Two more shots from the sheriff’s rifle fractured the silence—Bang—Bang, but the outcome was the same as before.
“Why won’t you die?” Ackerman bellowed. He pulled the trigger a third time, but the chamber clicked empty. In a fit, he threw down his weapon and surveyed the scene for an escape. He decided to retreat,
but he soon discovered that both of his legs were entangled beneath the mist.
“Whatever you are,” Ackerman snorted with defiance, “come and get me. I’m ready for you.”
The image offered no direct reply to the sheriff’s challenge. But Ackerman soon heard a melody surging within his brain. He couldn’t determine from where the first sounds of the song emerged, but the voice was undeniably that of a child. Though he tried to block the song from his mind, the words became too impossible to ignore.
“Have you heard my whispers within the grove?
Look beneath the peach tree where nothing grows
To find a child who died in pain,
While a mother’s tears fell in vain.”
These same words repeated several times in the harmony of a child’s voice. Soon the song faded and the sweet whispery chant was replaced by the agonizing screams of a man being crushed and swallowed by the earth. After Ackerman was gone, the mist evaporated as if it had never been a part of this night. With the fog now dissipated and the soil satiated by its offerings, the child’s image gradually faded and all grew calm again. No mortal remnant of either man would ever be found.
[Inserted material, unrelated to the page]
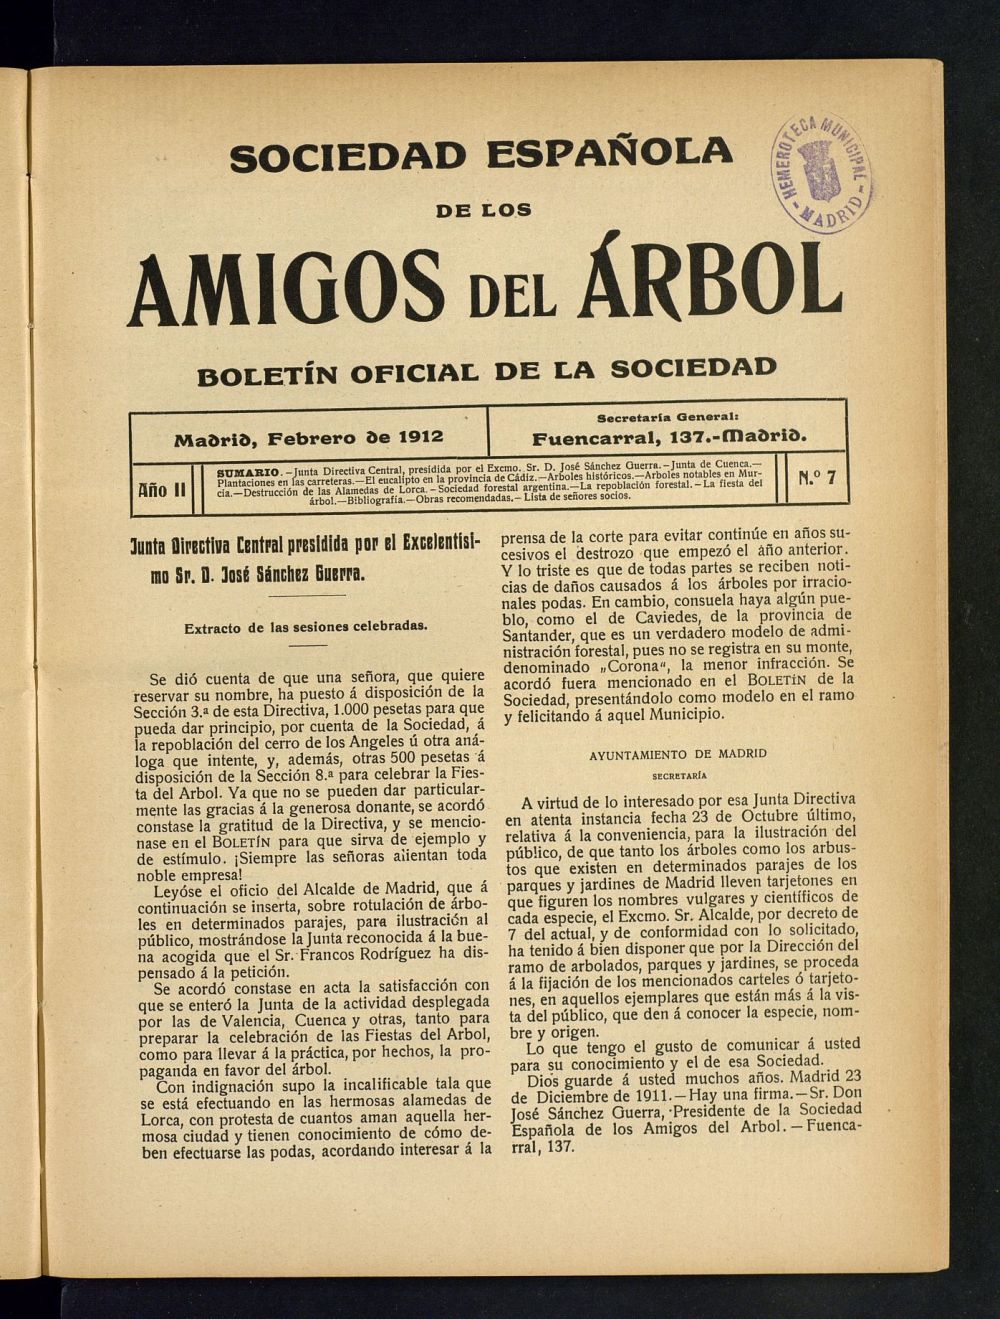 Boletn Comisin organizadora de la Sociedad Espaola de los amigos del rbol de febrero de 1912
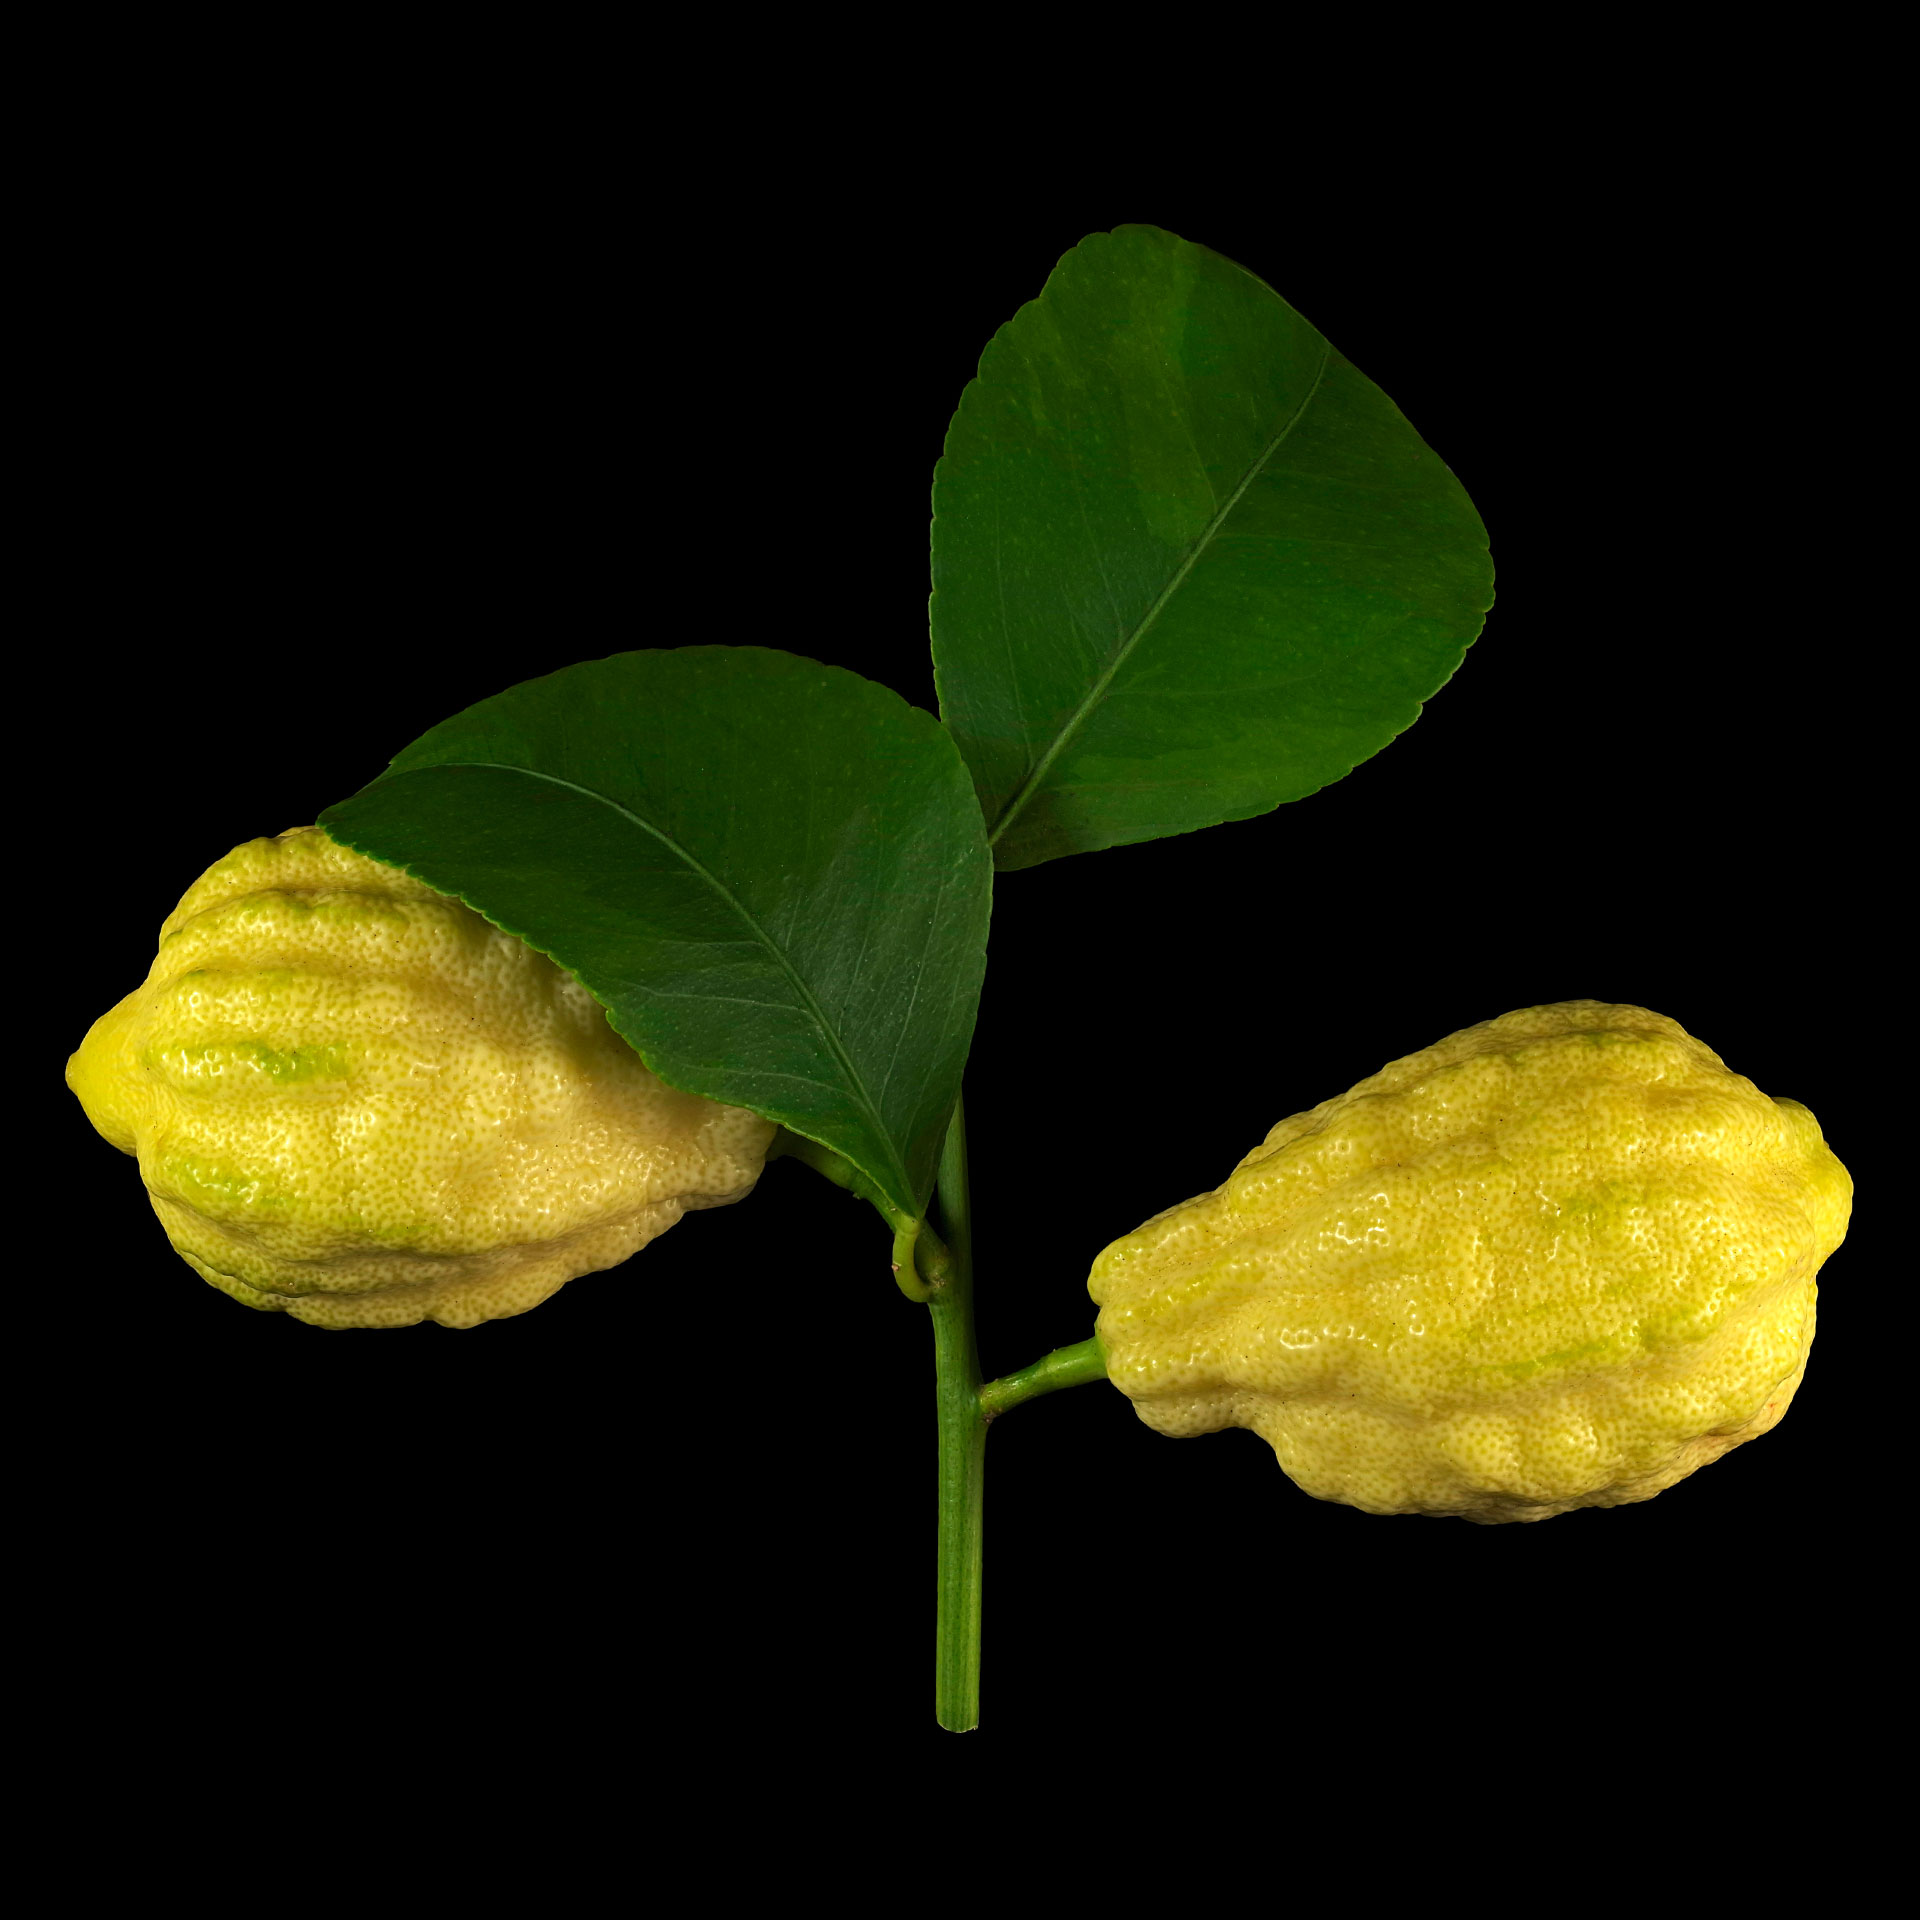 Die Gefurchte Zitrone: Citrus × limon ‚Canaliculata‘

Ben Murden sat silently on a cot inside his home. From his vantage point, he watched the crescent moon shining upon the woods. A thin line of silver clouds shrouded the moonlight. Murden listened to the crickets that only moments before had been quieted by the evening’s unrest. Despite the old man’s ailing health, he breathed easier at this hour. A feeling close to tranquility overwhelmed his senses. Now was the time to sleep, for he hadn’t experienced such a degree of serenity in more years than he could recall.
Sleep would bring him some comfort and perhaps give him enough strength to endure another day. Undoubtedly, each sunrise brought him closer to his end, but strangely, the conclusion of his days marked the beginning of another rebirth, and this he welcomed like no other gift known to the natural world.